Percentages of genome that probably result from introgression in Calycopis genomes.

measure from C. bactraa (%) from C. quintanab (%) from C. isobeon (%)
to C. cecrops
 average 0.06 0.04 2.29
 standard deviation 0.03 0.02 0.60
 minimum 0.02 0.02 1.41
 maximum 0.11 0.11 3.35
quantity from C. bactraa (%) from C. quintanab (%) from C. cecrops (%)
to C. isobeon
 average 0.10 0.07 3.40
 standard deviation 0.05 0.03 0.80
 minimum 0.03 0.03 2.58
 maximum 0.21 0.14 4.76

aMore likely from C. bactra compared with C. quintana and C. isobeon. It is possible that these regions are introgressed from other C. bactra-like species not included in this study.

bMore likely from C. quintana compared with C. bactra and C. isobeon. It is possible that these regions are introgressed from other C. quintana-like species not included in this study.

The length of the introgressed regions between C. isobeon and C. cecrops varies from several hundreds to more than 100 000 base pairs. Introgression occurs with interspecific hybridization events, and the introgressed regions from another species will appear shorter in further generations due to recombination with genetic material of the same species. The known recombination rate in butterflies is in the range of 3 cM Mb−1 to 6 cM Mb−1 [32]. Given such range of recombination rate, in silico simulation shows that 100 000 bp introgressed regions probably result from hybridization events hundreds to thousands years ago.
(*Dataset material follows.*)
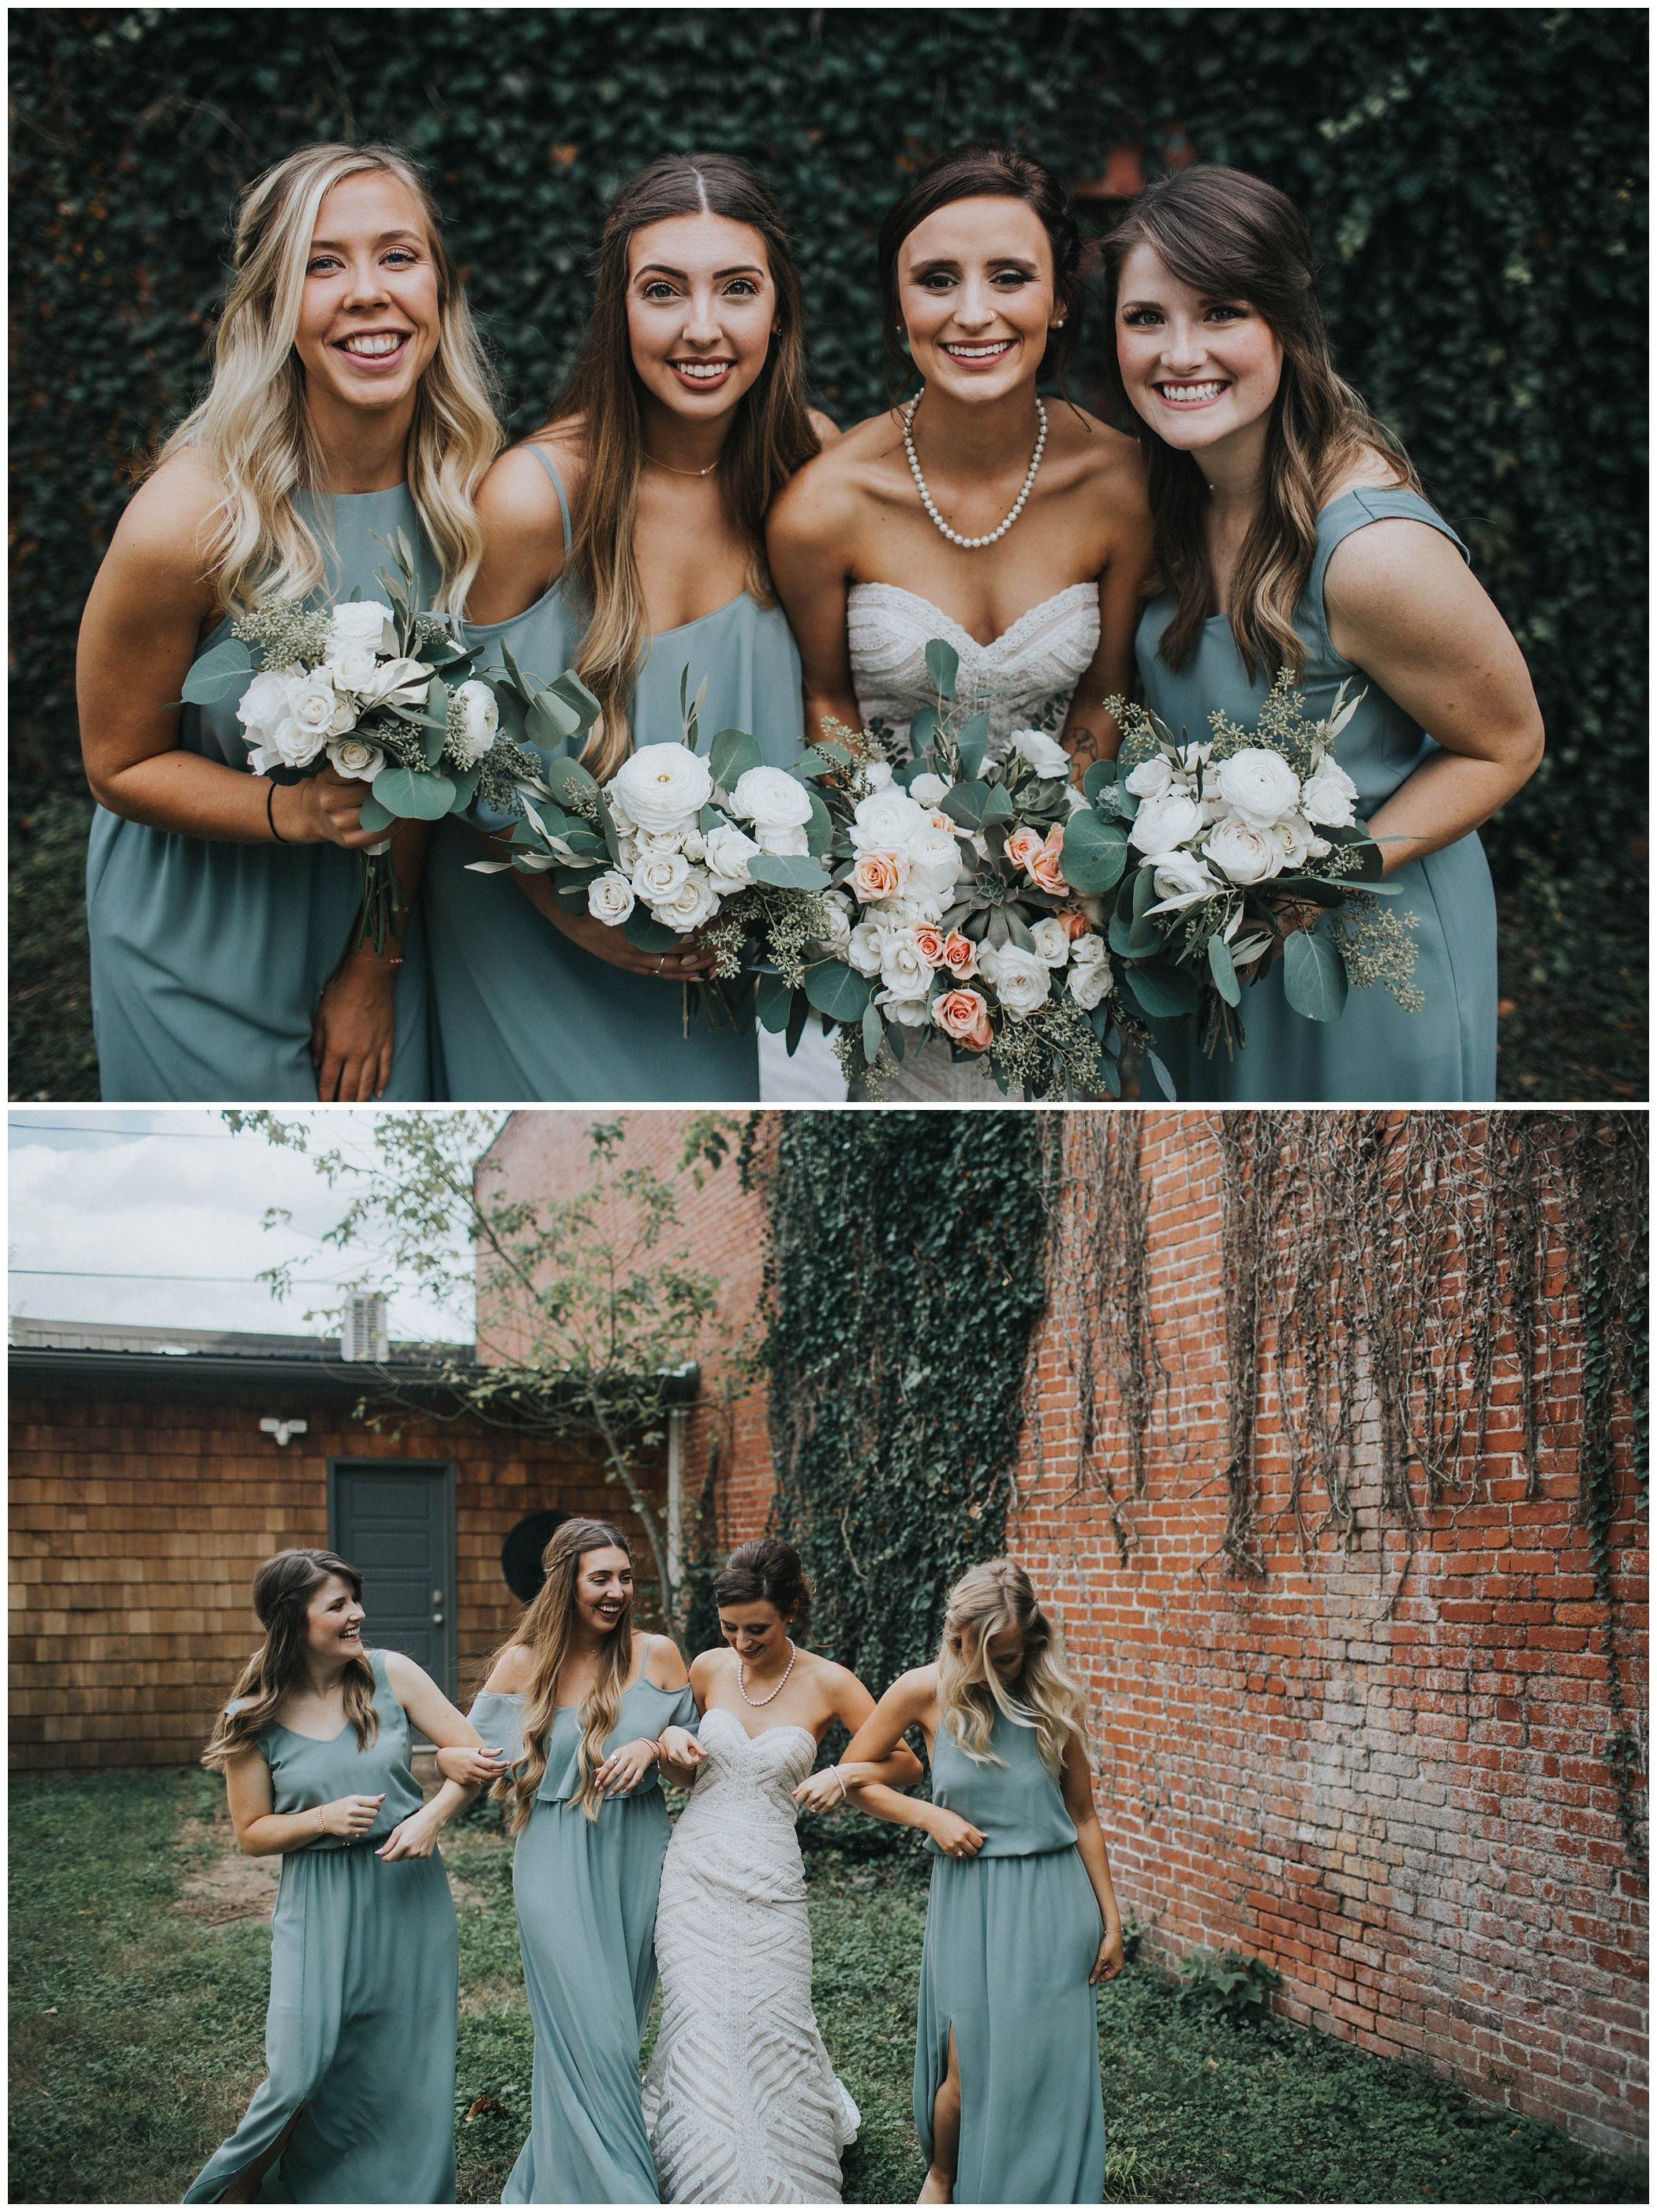 Sage Green Mismatched Bridesmaids Dresses Wedding Inspiration By The Johnsons Wedding Photogra Sage Bridesmaid Dresses Wedding Photography Bridesmaid Dresses

The longest introgressed region is about 173 300 bp and it is in specimen NVG-4166. Among C. isobeon specimens, NVG-4166 is morphologically unusual, with ventral hindwing pattern resembling C. cecrops in the absence of a red spot by the black spot at the tornus (see fig. 2 in [23]). Recent introgression with C. cecrops may explain this phenotypic similarity. The only other specimen with introgressed regions longer than 100 000 bp is C. isobeon specimen NVG-3978. This specimen is collected in a locality (Texas: Dallas, near White Rock Lake) where both C. cecrops and C. isobeon occur and recent introgression is expected.

Introgression from either C. quintana or C. bactra into C. cecrops and C. isobeon is more limited (below 0.1%). It is important to note that although these regions are more likely to originate from C. quintana or C. bactra than from C. isobeon or C. cecrops, they may be introgression from other C. quintana- or C. bactra-like species that are not sampled in this study. The length of introgressed regions from C. quintana or C. bactra is also generally shorter, with the longest region reaching 10 000 bp, indicating more ancient introgression. Calycopis isobeon, especially more southern specimens, show more introgression from C. bactra, a common species sympatric with C. isobeon in Mexico and Central America. Most notably, we do not detect more nuclear introgression from C. quintana in the two C. cecrops specimens with quintana-like mitochondria than in other C. cecrops or C. isobeon specimens. This is understandable because the sequenced C. quintana is male and lacks the maternal inherited W chromosome. In addition, although our reference genome is from a female specimen, the W chromosome is probably not assembled because the W chromosome of Lepidoptera is known to contain mostly repetitive regions and is difficult to assemble [33]. The W chromosome is not yet assembled for any model organisms of Lepidoptera, including Bombyx mori [34].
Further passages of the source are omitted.